*** Opening COLLECTED MATERIAL ***

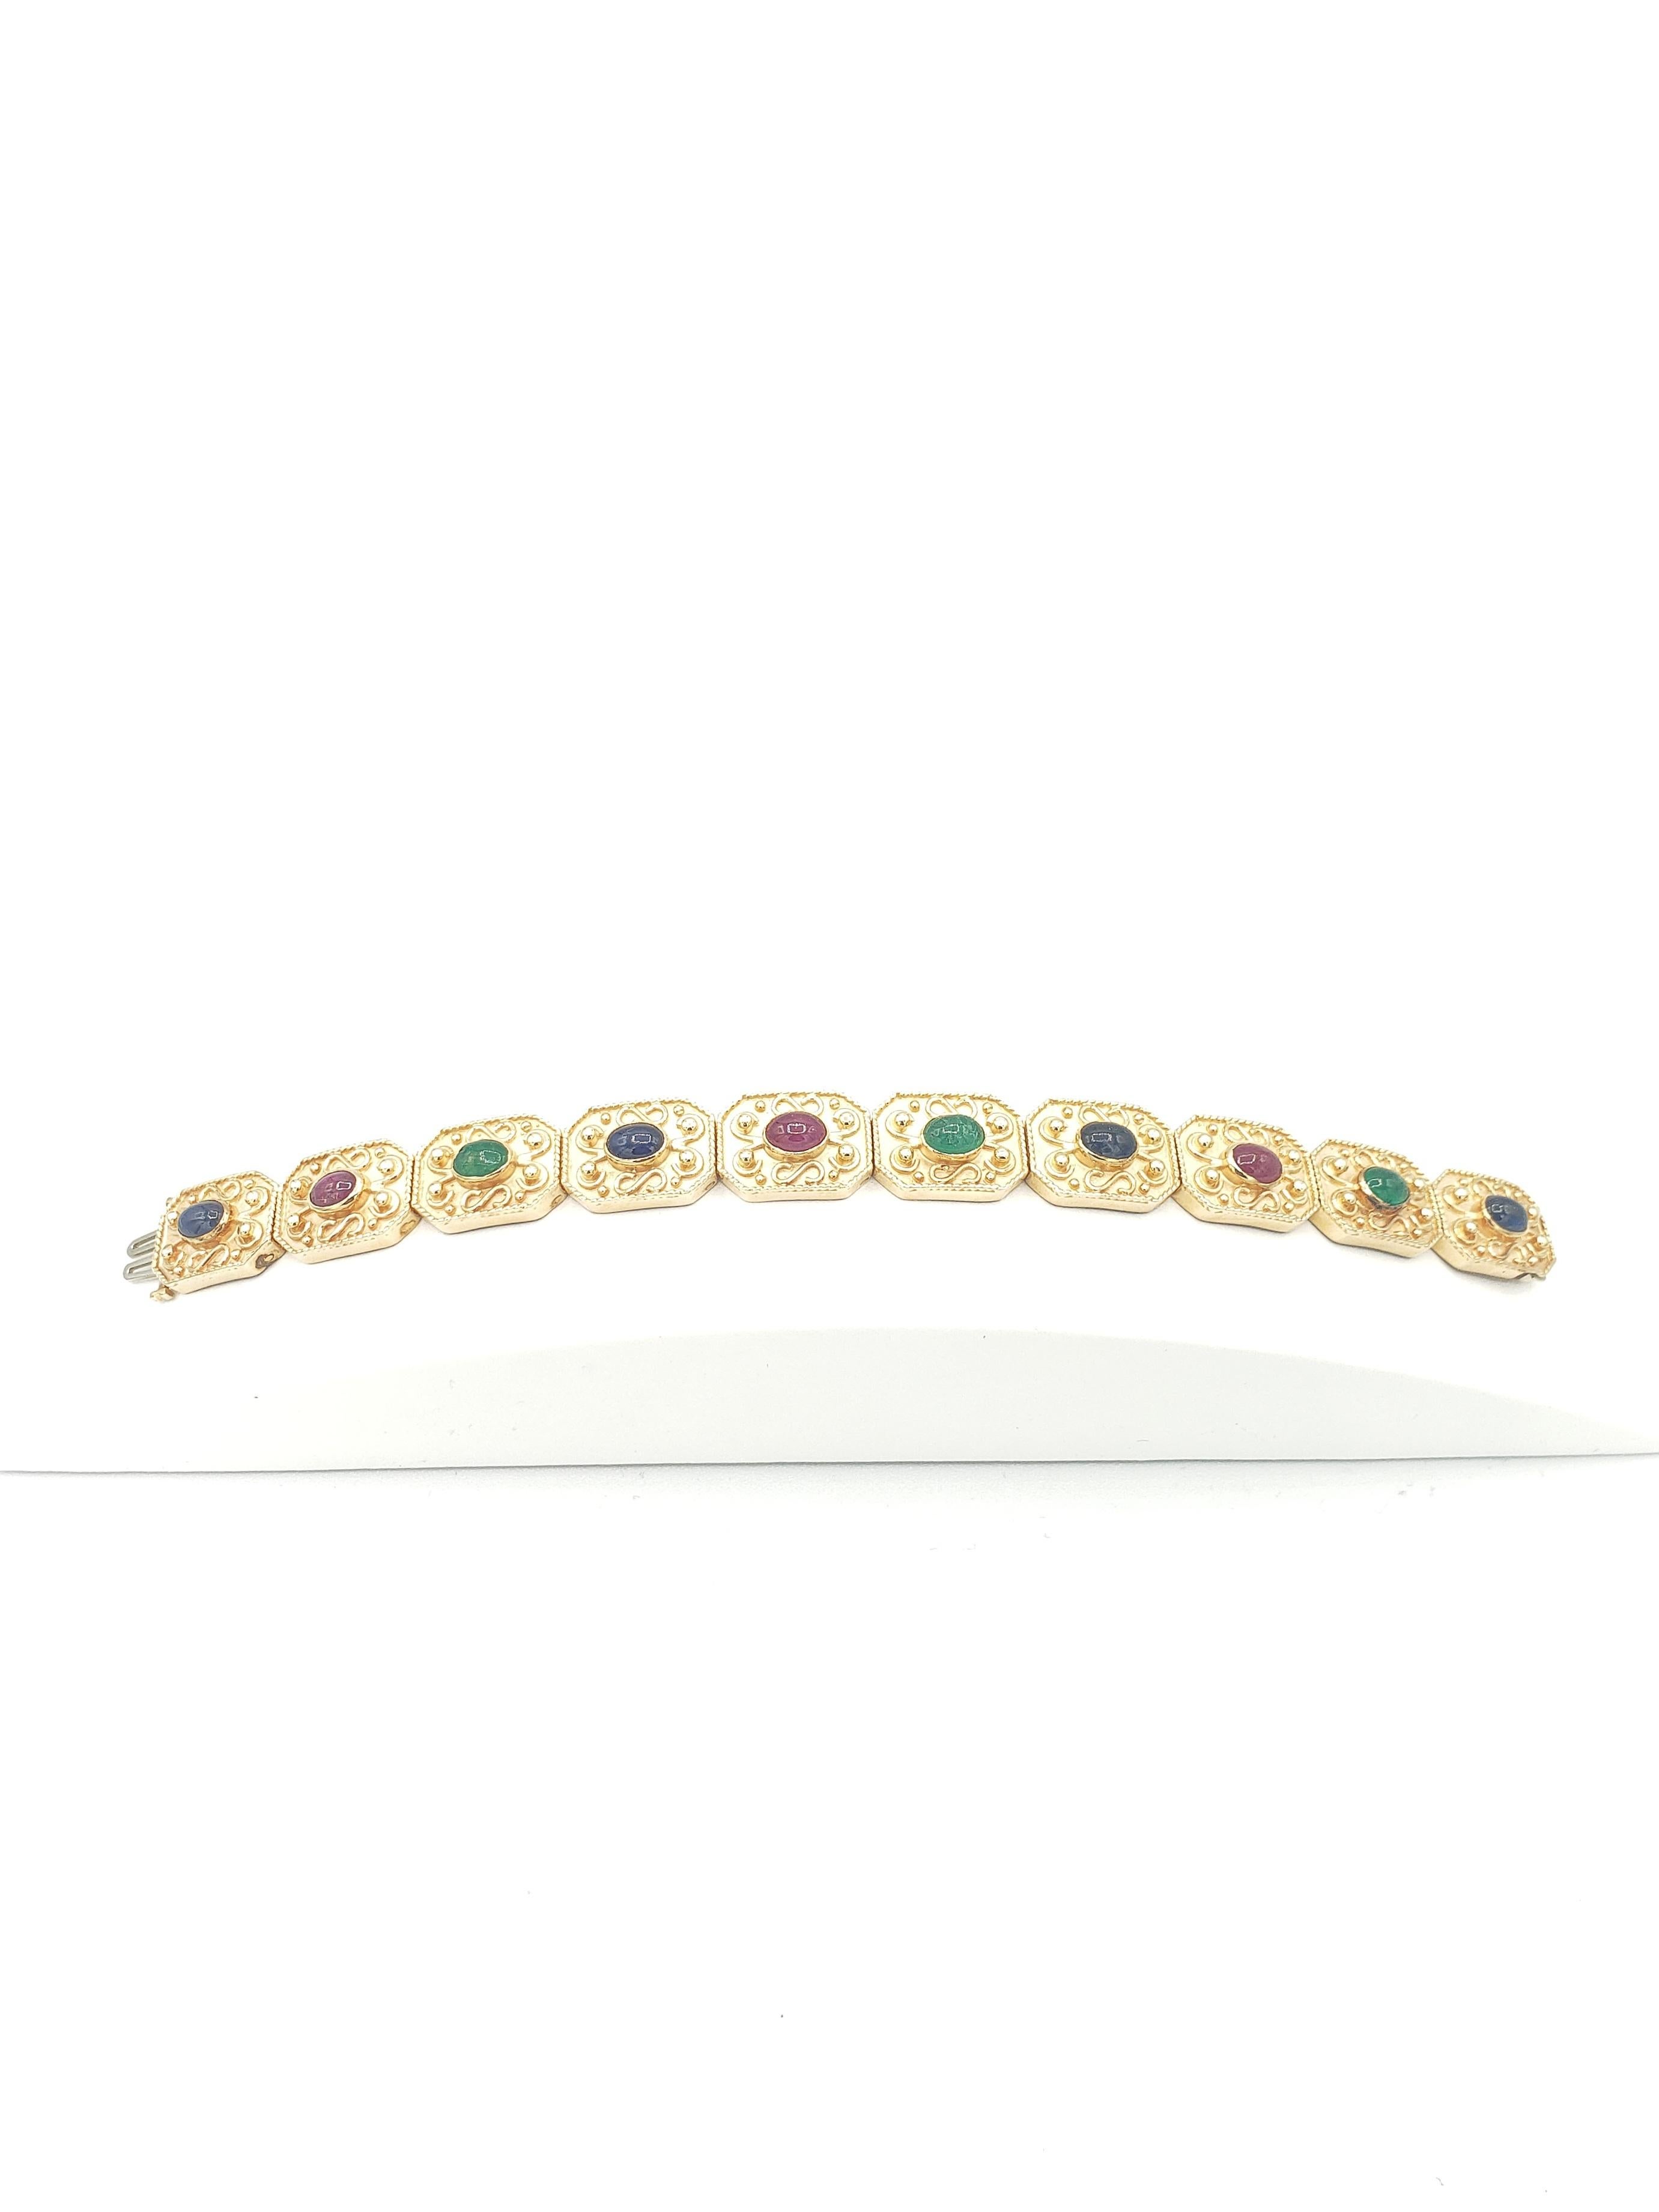 This beautiful bracelet from LaFrancee is a stunning piece of jewelry that features natural ruby, sapphire, and emerald gemstones in a 14k solid yellow gold setting. The Byzantine style adds a touch of elegance and sophistication, making it perfect
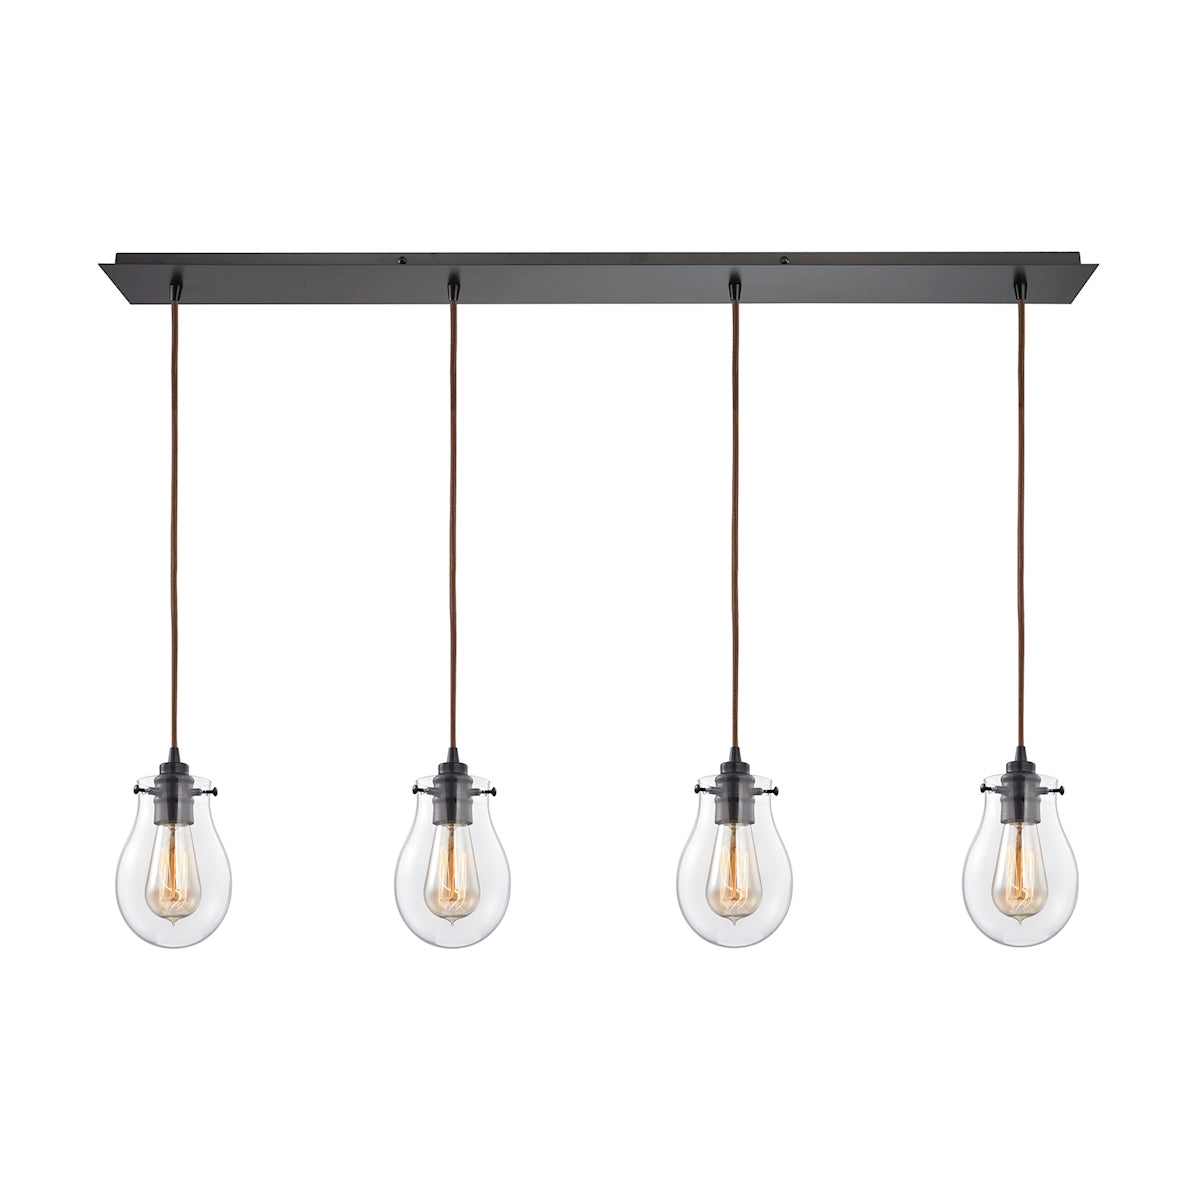 Jaelyn 4-Light Linear Pendant Fixture in Oil Rubbed Bronze with Clear Glass
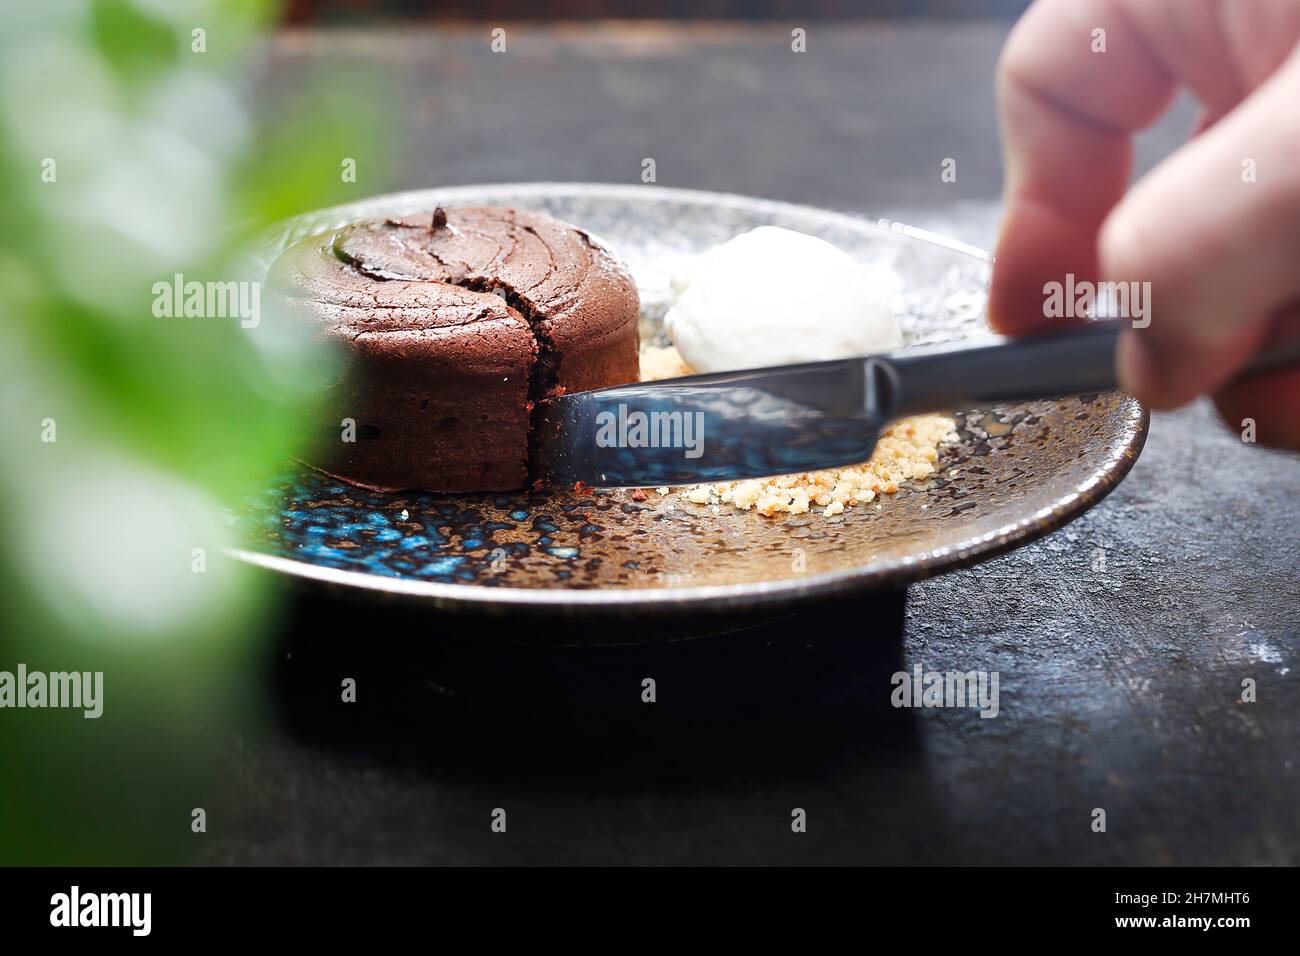 Chocolate cake with ice cream and nuts. Tasty sweet dessert. A tasty dish.Culinary photography. Suggestion to serve the dish. Stock Photo

*** Closing COLLECTED MATERIAL ***

# ACTIVITY
Where the material above includes pictures, omit them and retype everything else exactly.

# FINISHED EXERCISE
 This beautiful bracelet from LaFrancee is a stunning piece of jewelry that features natural ruby, sapphire, and emerald gemstones in a 14k solid yellow gold setting. The Byzantine style adds a touch of elegance and sophistication, making it perfect
 Jaelyn 4-Light Linear Pendant Fixture in Oil Rubbed Bronze with Clear Glass
 Chocolate cake with ice cream and nuts. Tasty sweet dessert. A tasty dish.Culinary photography. Suggestion to serve the dish. Stock Photo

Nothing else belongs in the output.